All’inizio Diego Senziani raccoglie legnetti rigettati dalle onde per vincere la noia di giornate in cui il vento non gli consente di fare surf, poi questa collezione di curiosi relitti prende forma fino a trasformarsi in una passione e in un lavoro. Nasce così Gioielli di Natura.
Ci parli un po’ della tua idea? Da dove nasce l’ispirazione di trasformare legnetti levigati dal mare in “animazioni” e storie?

Sono appassionato di windsurf e quando mancava il vento andavo su e giù per le rive di laghi e mari in cerca di legni spiaggiati. Li accumulavo in cantina. Nel 2012 per il giorno di San Valentino mi è venuta l’idea di fare un regalo originale. Sono andato in cantina, ho scelto un animalegnetto, il PesceLuna, ho scritto la storia e l’ho regalato alla mia attuale fidanzata. Quel regalo ha funzionato benissimo perché esprimeva in maniera autentica il mio sentimento. La storia ha parlato per me. Era un “ti amo” non concentrato in un attimo ma diluito in una storia, rinforzata da un dono autentico creato da Madre Natura. A quel punto ho pensato di creare dei prodotti narrativi per permettere anche ad altre persone di esprimere così i loro sentimenti.
Avevi già sentito parlare di qualcosa di simile? All’estero, ad esempio, c’è qualcuno che vende oggetti creativi simili ai tuoi?

Anche se non mi risulta esista qualcosa di identico a ciò che faccio io, all’estero il driftwood (blois flotté) è un fenomeno piuttosto diffuso, le persone vanno in cerca di legni spiaggiati per fare creazioni artistiche. Io li ho trasformati in un progetto narrativo. In Italia, purtroppo, c’è poco mercato rispetto all’estero, infatti i miei prezzi sono allineati con il mercato statunitense. Se proprio devo riconoscere un pioniere in questa attività dico… Collodi che da un semplice tronchetto di legno creò la storia di Pinocchio!
Da dono a lavoro: quando è avvenuto il salto?

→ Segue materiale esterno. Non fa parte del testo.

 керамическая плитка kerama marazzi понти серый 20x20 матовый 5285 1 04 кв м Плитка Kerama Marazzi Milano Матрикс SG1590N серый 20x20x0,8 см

Ho cominciato a vendere agli amici il libro Woodys abbinato ai prodotti. Quando le richieste sono arrivate anche dagli amici degli amici ho creato il mio negozio narrativo online. Così ho dato vita ad altri animalegnetti, ognuno con un simbolo proprio. Per fare un regalo mirato si sceglie nell’elenco il valore che si vuole esprimere, poi si sceglie il prodotto narrativo. Siccome un regalo affettivo non si sceglie a scatola chiusa, si può prima leggere l’ebook (Il PesceLuna; La Ragnagosta…) a prezzo contenuto e poi, se la storia piace, regalare il libro insieme a un prodotto.
Facci qualche esempio di simboli e prodotti…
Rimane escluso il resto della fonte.